Some historians speculate that Suleiman's final assault was not necessarily intended to take the city but to cause as much damage as possible and weaken it for a later attack, a tactic he had employed at Buda in 1526. Suleiman would lead another campaign against Vienna in 1532, but it never truly materialised as his force was stalled by the Croatian Captain Nikola Jurišić during the siege of Güns (Kőszeg). Nikola Jurišić with only 700–800 Croatian soldiers managed to delay his force until winter closed in. Charles V, now largely aware of Vienna's vulnerability and weakened state, assembled 80,000 troops to confront the Ottoman force. Instead of going ahead with a second siege attempt, the Ottoman force turned back, laying waste the south-eastern Austrian state of Styria in their retreat. The two Viennese campaigns in essence marked the extreme limit of Ottoman logistical capability to field large armies deep in central Europe at the time.

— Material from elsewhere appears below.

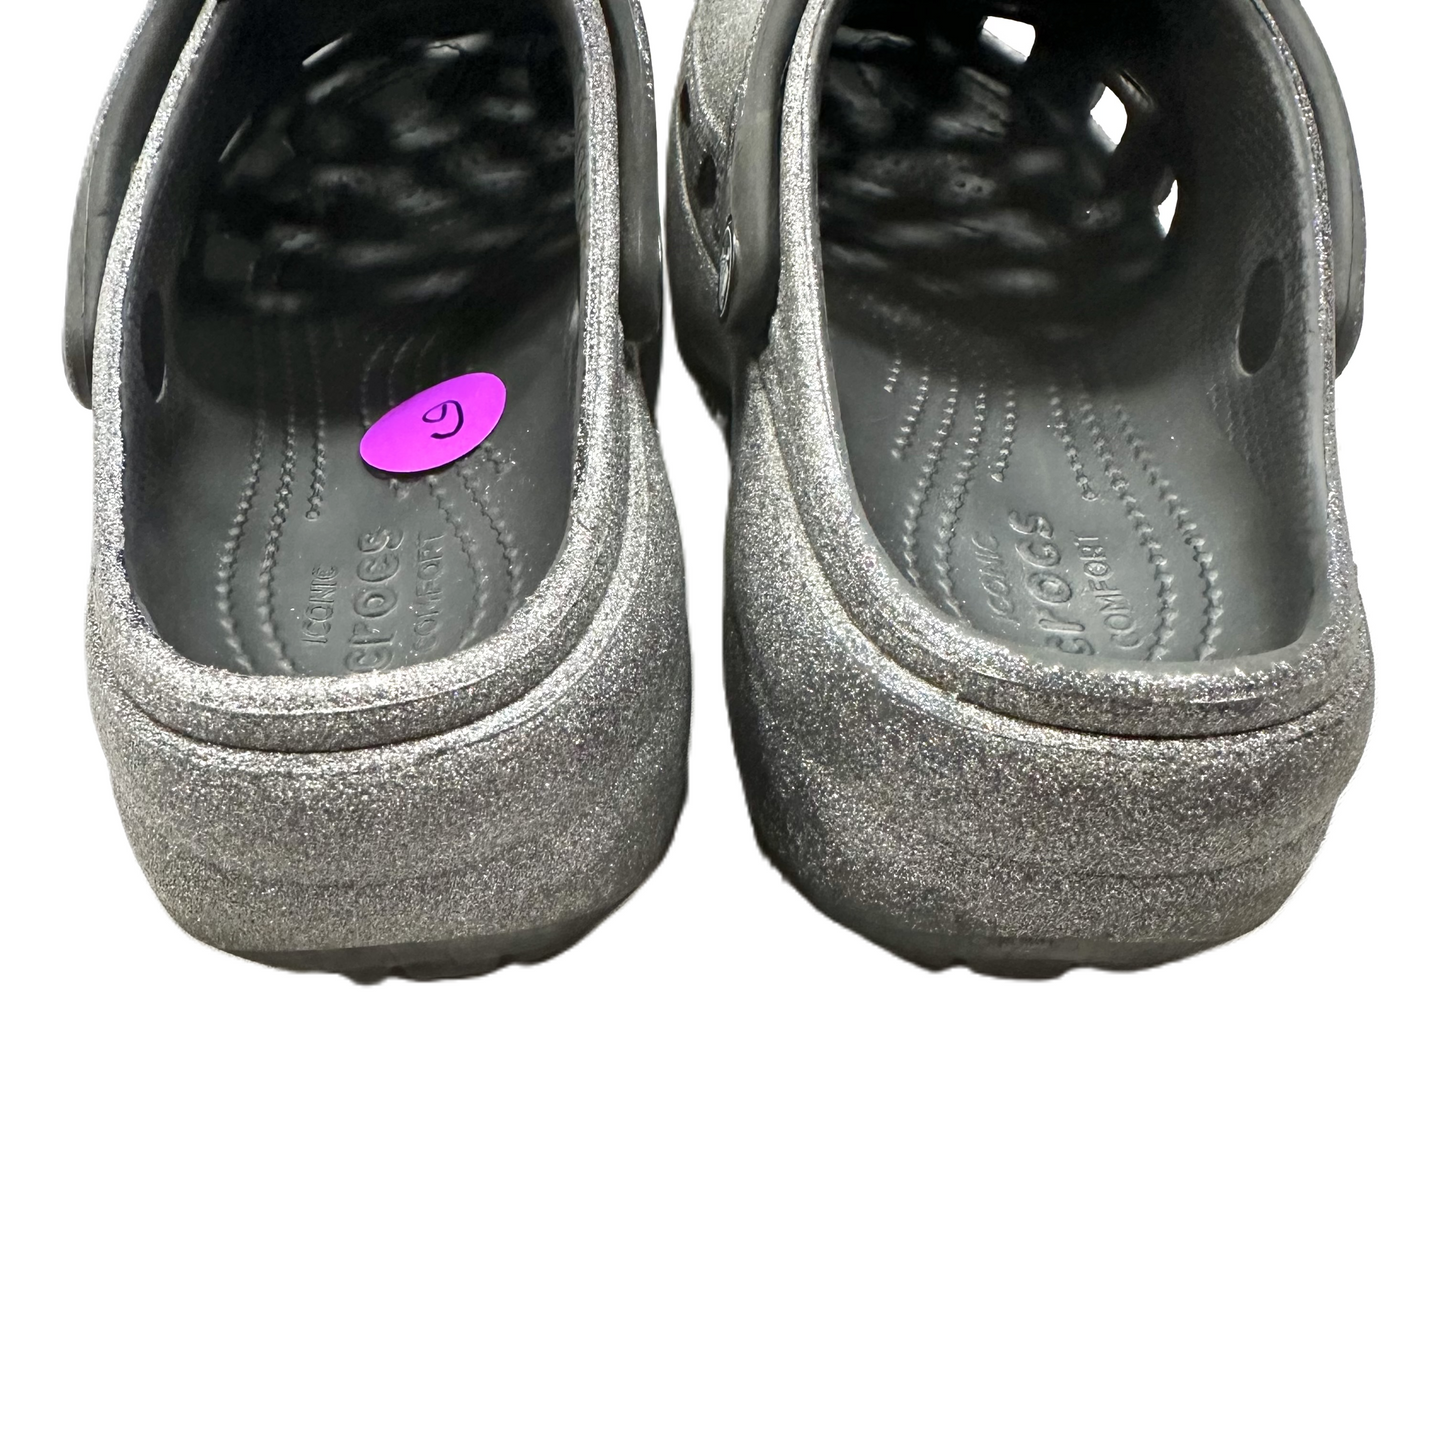 Black Sandals Flats By Crocs, Size: 6

The 1529 campaign produced mixed results. Buda was brought back under the control of the Ottoman vassal John Zápolya, strengthening the Ottoman position in Hungary. The campaign left behind a trail of collateral damage in neighbouring Habsburg Hungary and Austria that impaired Ferdinand's capacity to mount a sustained counter-attack. However, Suleiman failed to force Ferdinand to engage him in open battle, and was thus unable to enforce his ideological claim to superiority over the Habsburgs. The attack on Vienna led to a rapprochement between Charles V and Pope Clement VII, and contributed to the Pope's coronation of Charles V as Holy Roman Emperor on 24 February 1530. The outcome of the campaign was presented as a success by the Ottomans, who used the opportunity to show off their imperial grandeur by staging elaborate ceremonies for the circumcision of princes Mustafa, Mehmed, and Selim.

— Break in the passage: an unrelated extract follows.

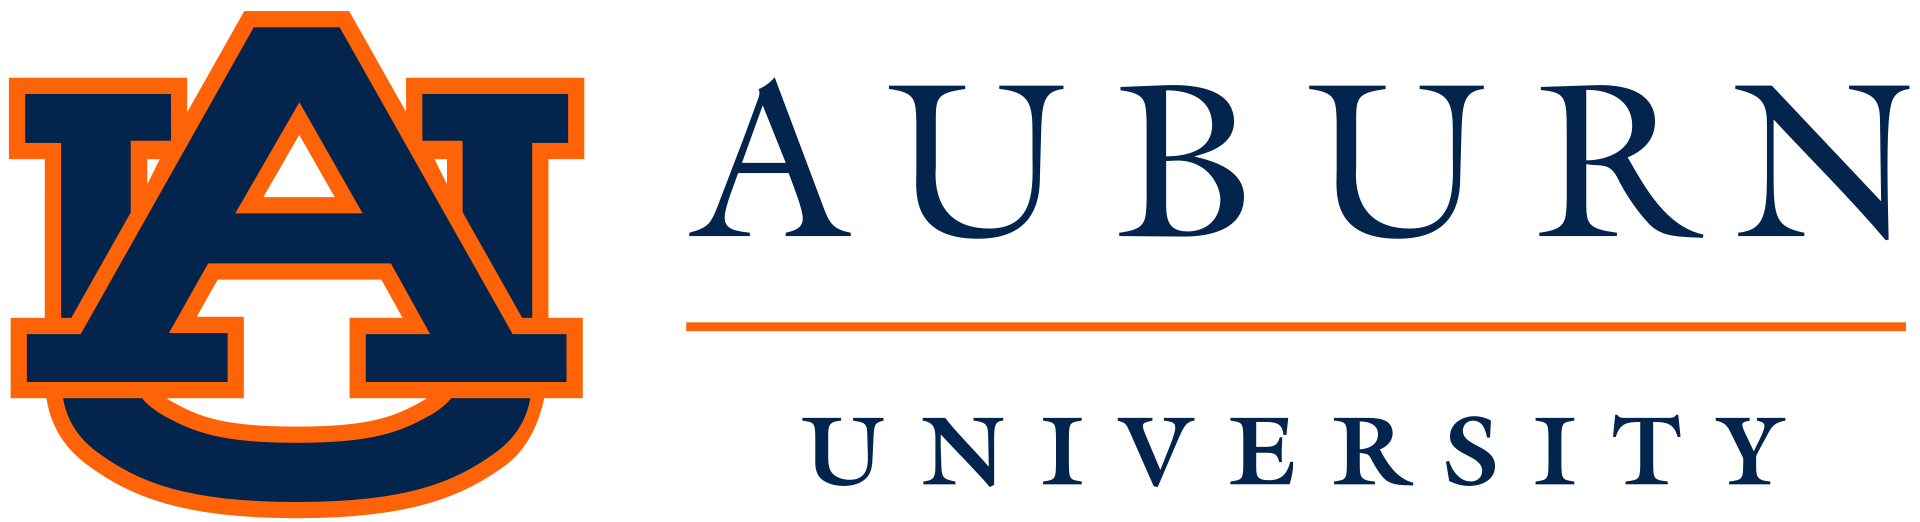 Auburn University - Обернский университет

Ferdinand I erected a funeral monument for the German commander Nicholas, Count of Salm, head of the mercenary relief force dispatched to Vienna, as a token of appreciation of his efforts. Nicholas survived the initial siege attempt, but had been injured during the last Ottoman assault and died on 4 May 1530. The Renaissance sarcophagus is now on display in the baptistery of the Votivkirche cathedral in Vienna. Ferdinand's son, Maximilian II, later built the Castle of Neugebaeude on the spot where Suleiman is said to have pitched his tent during the siege.